Next, I listed the categories of event types with the highest crop
damage and printed the top 15
# Convert CROPDMG to numeric
stormData <- stormData %>%
mutate(CROPDMG = as.numeric(CROPDMG))
## Warning: There was 1 warning in `mutate()`.
## ℹ In argument: `CROPDMG = as.numeric(CROPDMG)`.
## Caused by warning:
## ! NAs introduced by coercion
# Now perform aggregation
cropdmgStormDataOrdered <- stormData %>%
group_by(EVTYPE) %>%
summarise(Total_Crop_Damage = sum(CROPDMG, na.rm = TRUE)) %>%
arrange(desc(Total_Crop_Damage))
# Print top 15 results
print(cropdmgStormDataOrdered[1:15,])
## # A tibble: 15 × 2
## EVTYPE Total_Crop_Damage
## <chr> <dbl>
## 1 HAIL 579596.
## 2 FLOOD 365338.
## 3 THUNDERSTORM WIND 194679.
## 4 TORNADO 100021.
## 5 DROUGHT 33899.
## 6 STRONG WIND 20960.
## 7 HURRICANE/TYPHOON 16037.
## 8 WINTER WEATHER 12792.
## 9 HEAVY RAIN 11123.
## 10 WILD/FOREST FIRE 8554.
## 11 FROST/FREEZE 7034.
## 12 TSTM WIND/HAIL 4357.
## 13 LIGHTNING 3581.
## 14 HIGH WINDS/COLD 2005
## 15 SMALL HAIL 1732.
The event type that is responsible for the most property damage is
the tornado.

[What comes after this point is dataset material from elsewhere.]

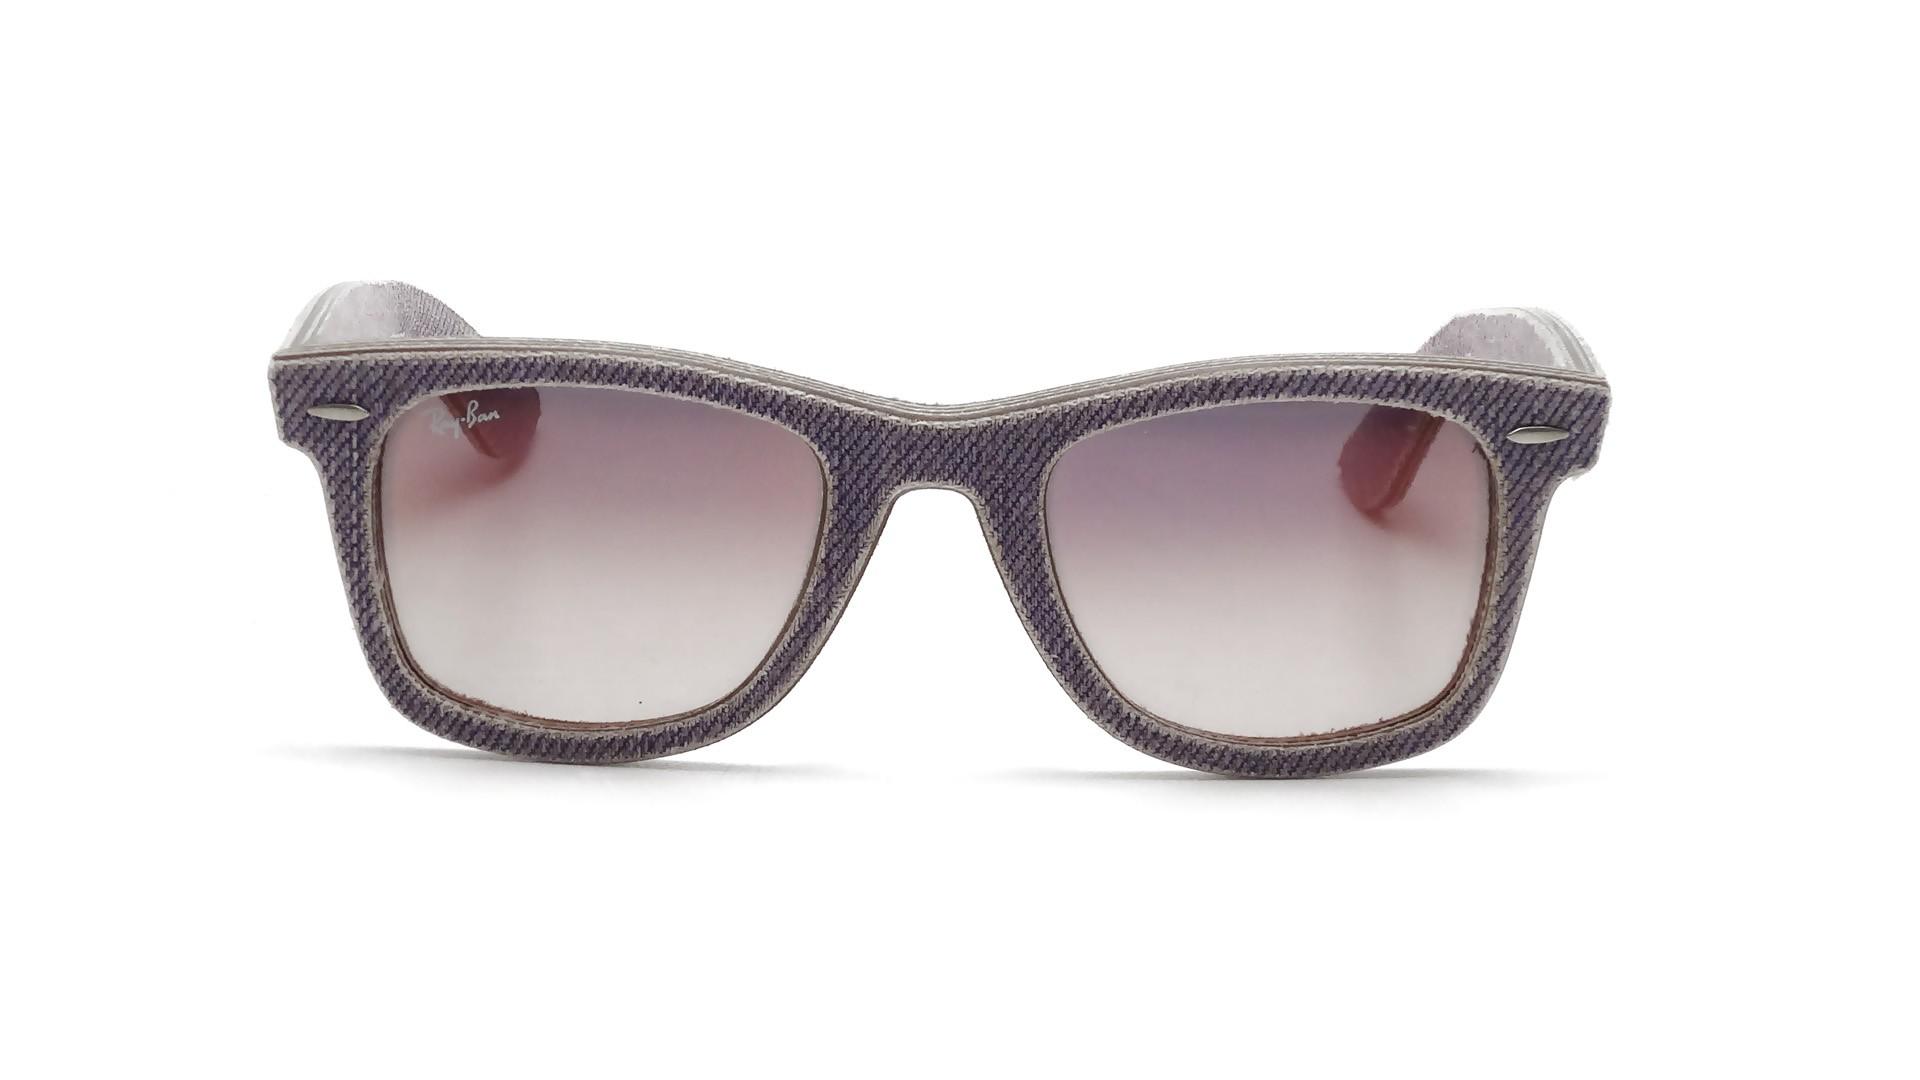 0efa53d0f5b5a Sunglasses Ray-Ban Original Wayfarer Denim Purple RB2140 1167 S5 50-18  Medium Gradient

After this, the events most responsible for property damage
are thunderstorm wind, flood, hail, and lightning.
The event most responsible for crop damage is hail. After this the
event types most responsible for crop damage are flood, thunderstorm
wind, tornado, and draught.
PLOT OF PROPERTY DAMAGE BY CALENDAR YEAR
stormData[,42]<-as.numeric(format(stormData[,2],"%Y"))
propDmgPerYear<-aggregate(stormData[39], by=stormData[42], sum)
propDmgPerYear[,2]<-log10(propDmgPerYear[,2])
plot(propDmgPerYear, main="log10 Property Damage by Year - Plot", xlab = "Year", ylab = "log10 Property Damage (in Dollars)", type="l")

PLOT OF PROPERTY DAMAGE BY MONTH OF THE YEAR
stormData[,43]<-as.numeric(format(stormData[,2],"%m"))
propDmgPerMonth<-aggregate(stormData[39], by=stormData[43], sum)
propDmgPerMonth[,2]<-propDmgPerMonth[,2]/10^9
plot(propDmgPerMonth, main="Property Damage by Month - Plot", xlab = "Month of Year", ylab = "Property Damage in Billions of Dollars)", type="l")